Search code examples
pythonamazon-web-servicesaws-lambda

Implications of querying database before lambda_handler


Here is the pseudo-code for what current lambda function looks like;

import pandas
import pymysql


def get_db_data(con_):
    query = "SELECT * FROM mytable"
    data = pandas.read_sql(query, con_)
    return data


def lambda_handler(event, context):
    con = pymysql.connect()
    data = get_db_data(con)
    """
    do other things with event
    """
    con.close()

I am debating if I can do this instead:

import pandas
import pymysql

con = pymysql.connect()


def get_db_data(con_):
    query = "SELECT * FROM mytable"
    data = pandas.read_sql(query, con_)
    return data


data = get_db_data(con)


def lambda_handler(event, context):
    """
    do other things with event
    """
    con.close()

But I am not sure if it is a good practice. What implications would the second option have on run-time and cost? Is it against the recommended way?


Solution

  • When working with a database connection in a Lambda function, it is best to follow AWS best practices and use INIT code (which is where you are almost heading) to load expensive resources.

    Take advantage of execution environment reuse to improve the performance of your function. Initialize SDK clients and database connections outside of the function handler, and cache static assets locally in the /tmp directory. Subsequent invocations processed by the same instance of your function can reuse these resources. This saves cost by reducing function run time.

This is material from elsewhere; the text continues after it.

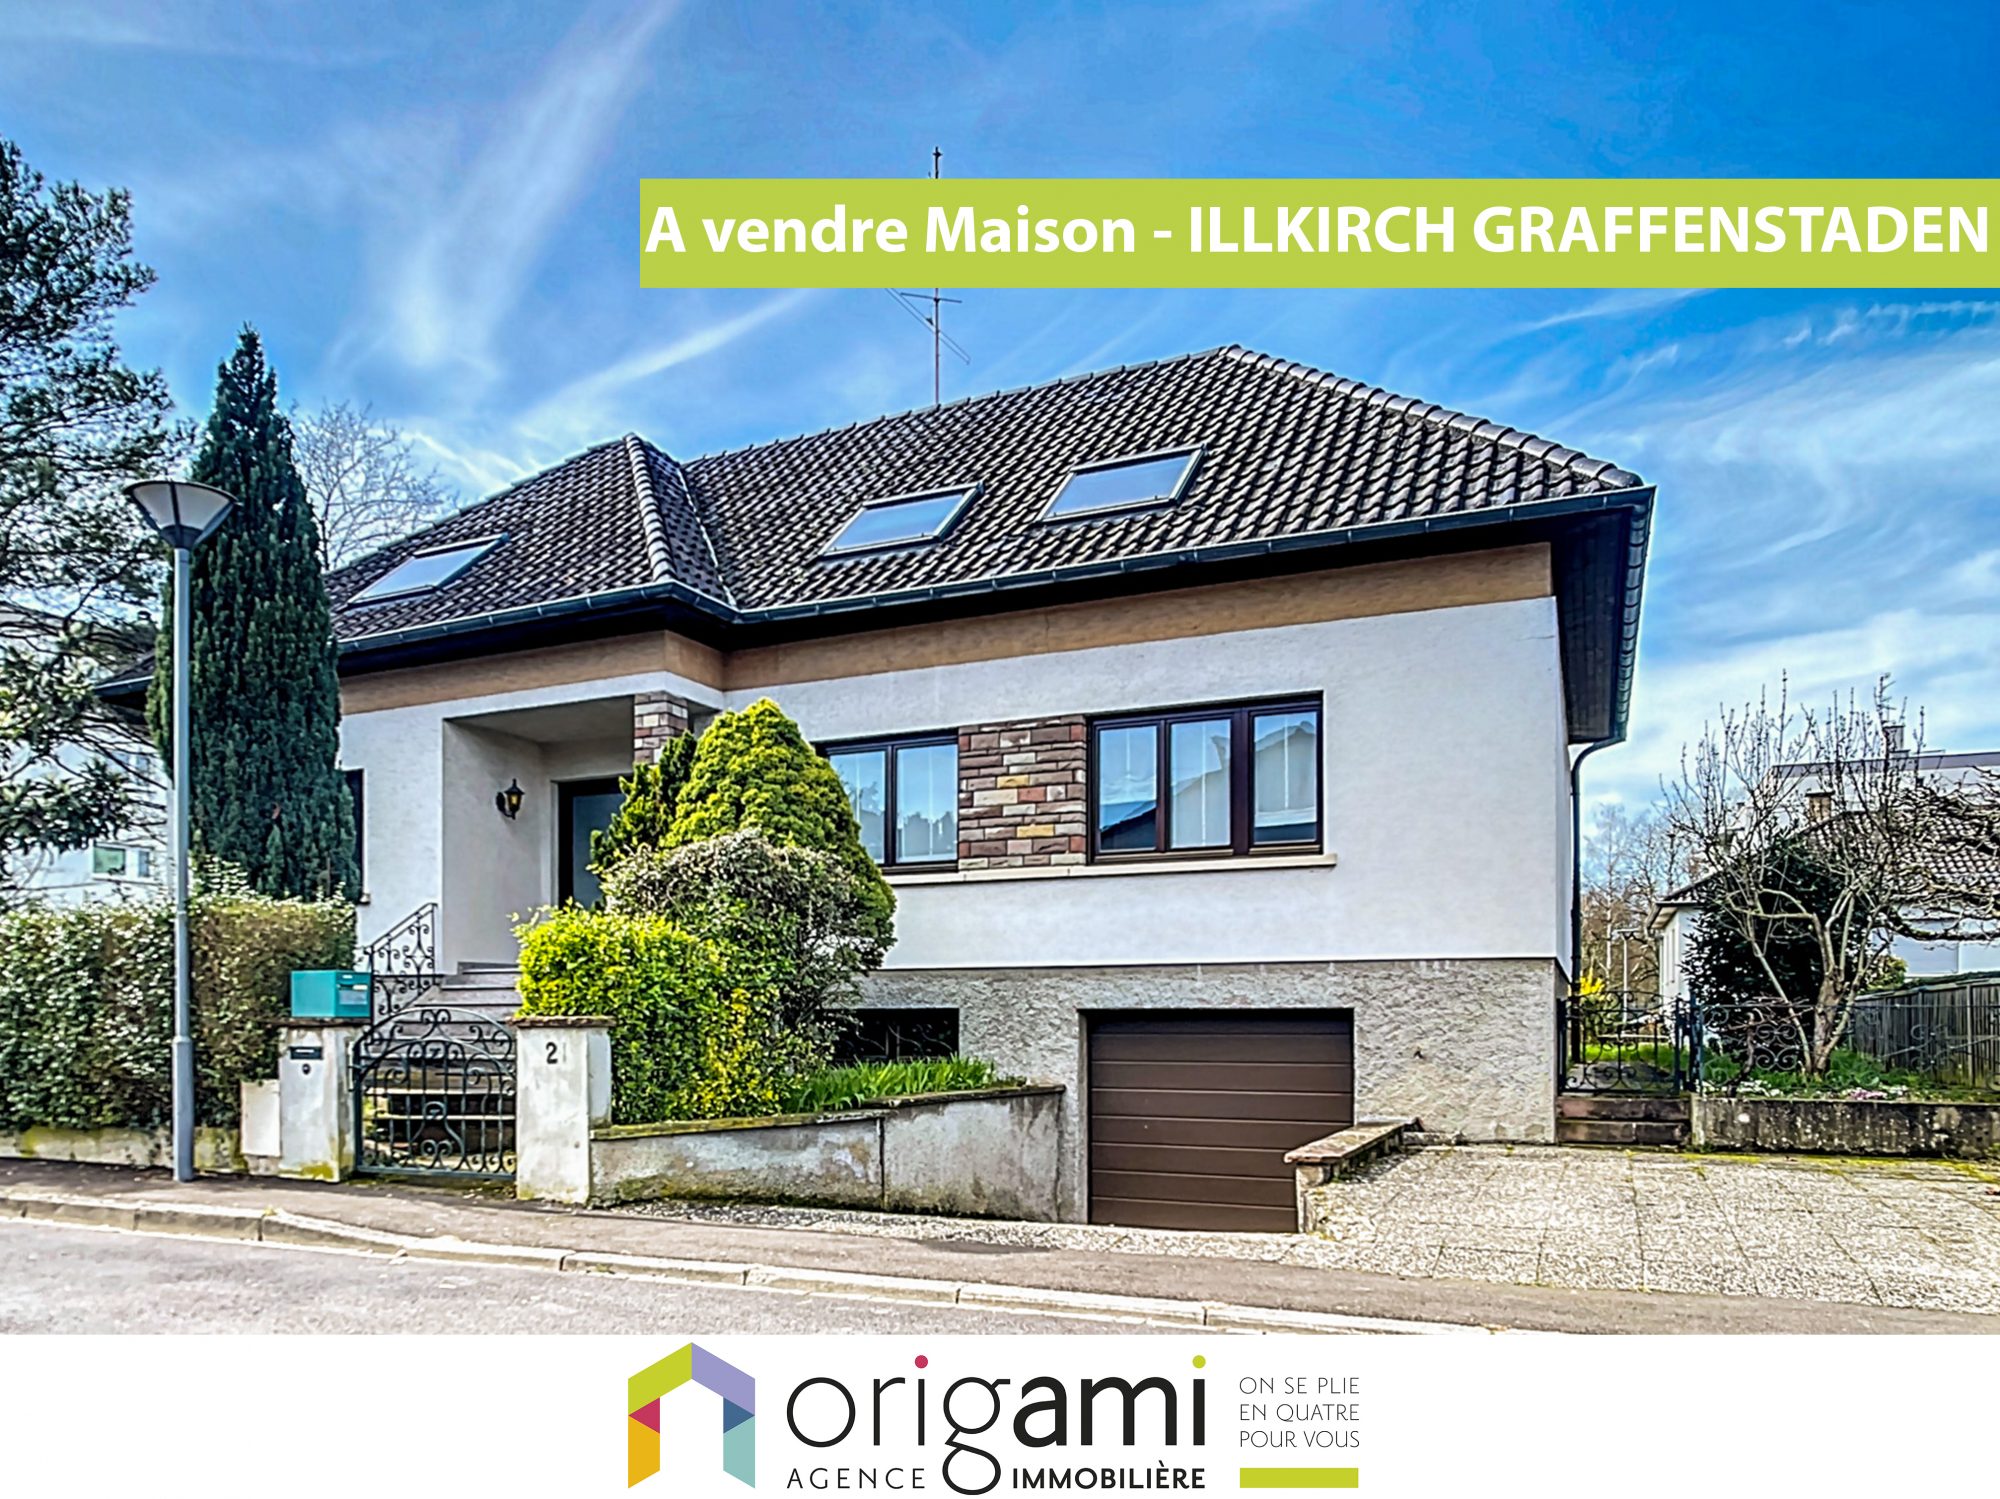 Vente Maison 171m² 6 Pièces à Illkirch-Graffenstaden (67400) - Origami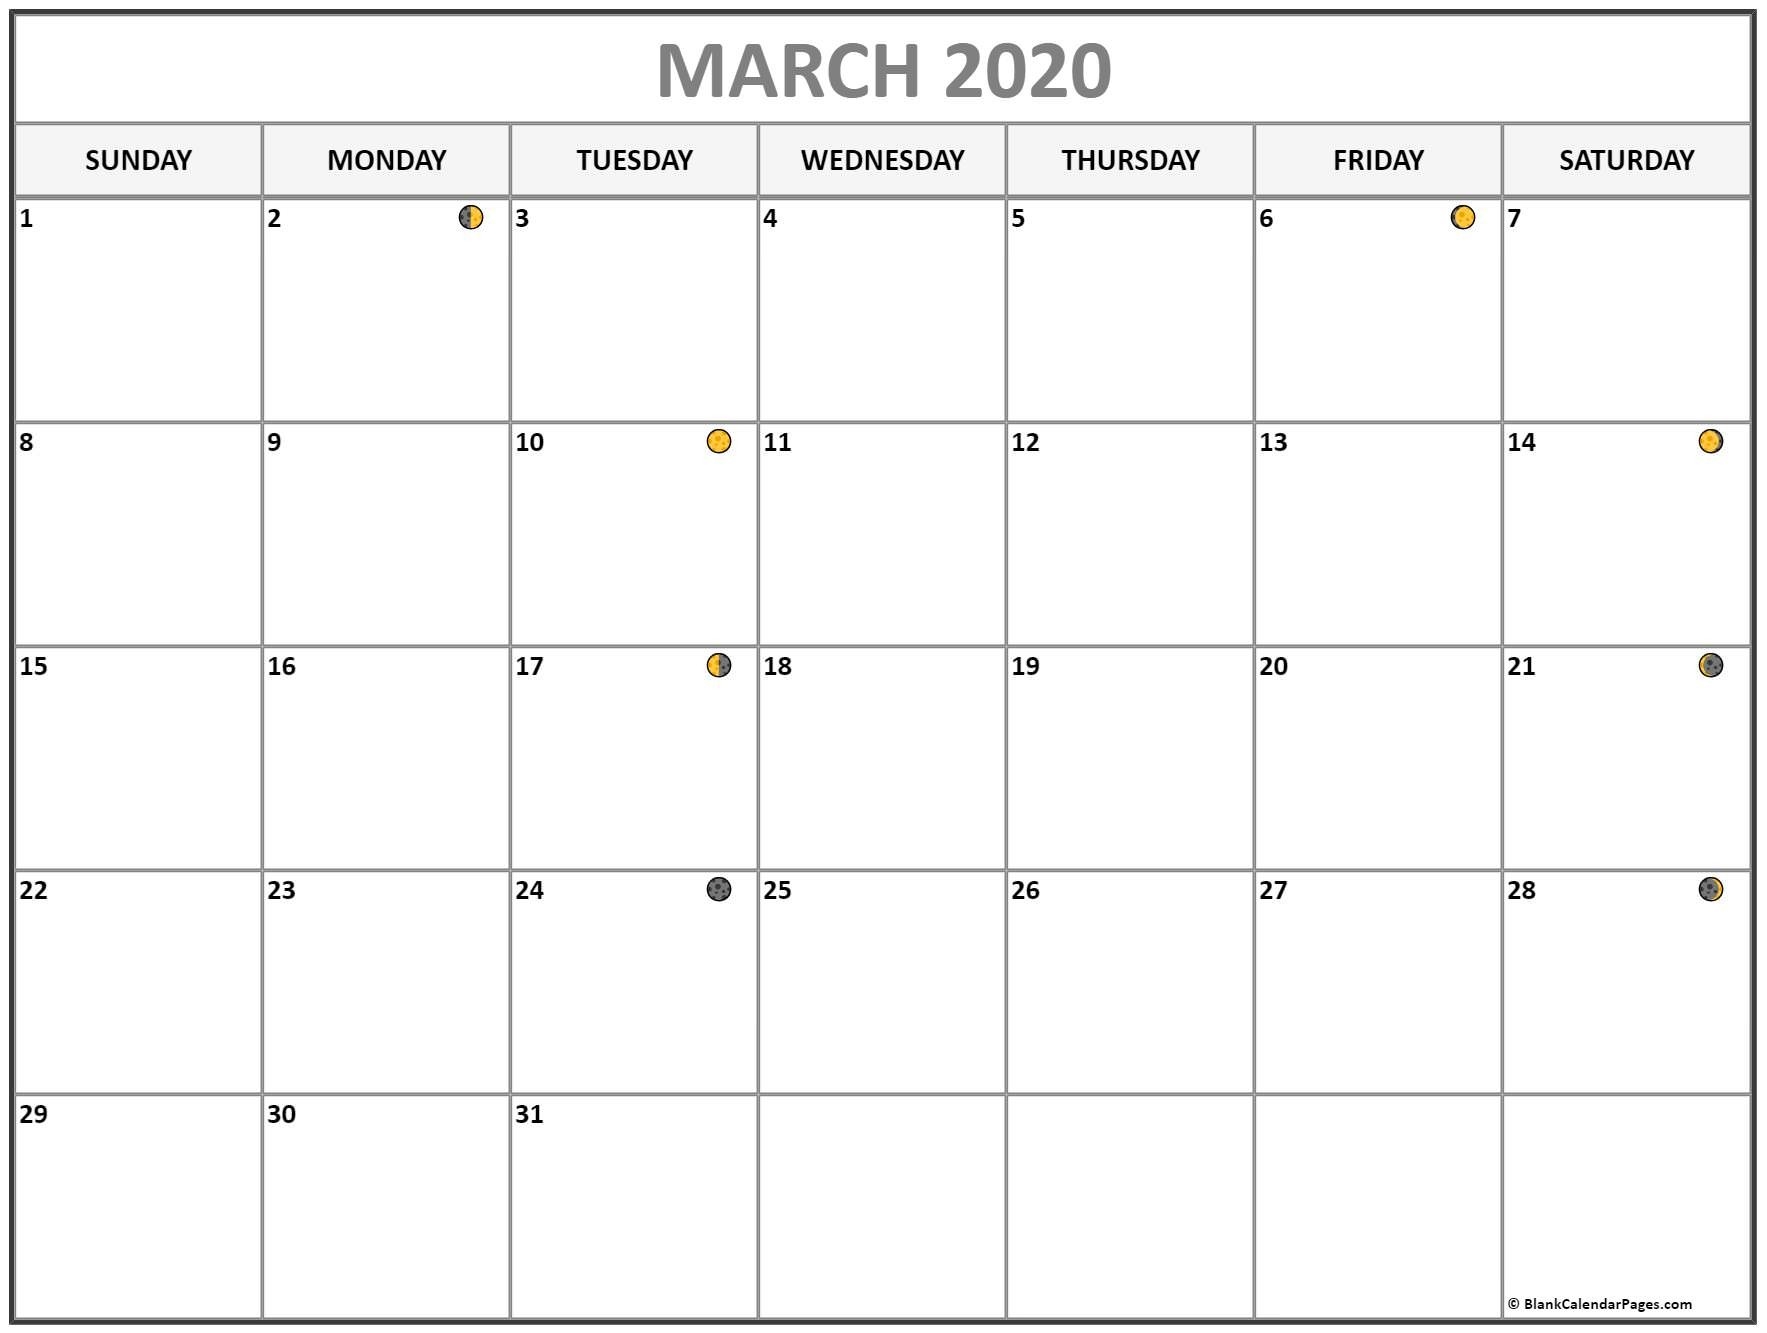 March 2020 Lunar Calendar | Moon Phase Calendar  2020 Solar Calendar Vs Lunar Calendar

    Lambda can run from either a COLD or WARM start. On COLD start, the code outside the lambda handler is executed. When a Lambda is run from a WARM start, the resources loading during COLD start will be available. By including resources like database connection opening in the COLD start, subsequent WARM starts will not have to re-execute the same expensive operation. Getting to reuse the WARM start requires that calls to the specific Lambda be within a short period of time. This can greatly reduce the execution time on your Lambda functions and this reduce costs!

    Based on where you were going, I would say to rewrite it as such:

    import pandas
    import pymysql
    
    con = pymysql.connect()
     
    def get_db_data(con_):
        query = "SELECT * FROM mytable"
        data = pandas.read_sql(query, con_)
        return data
        
    def lambda_handler(event, context):
        data = get_db_data(con)
        """
        do other things with event
        """
        con.close()
    

    This concept is also explained well in the AWS Lambda docs here.

    Also, consider what the duration of the connection is in its settings (client and server). If the connection closes before the Lambda's instance goes away - you might want to include an isOpen check prior to using the connection and providing logic necessary to reopen it.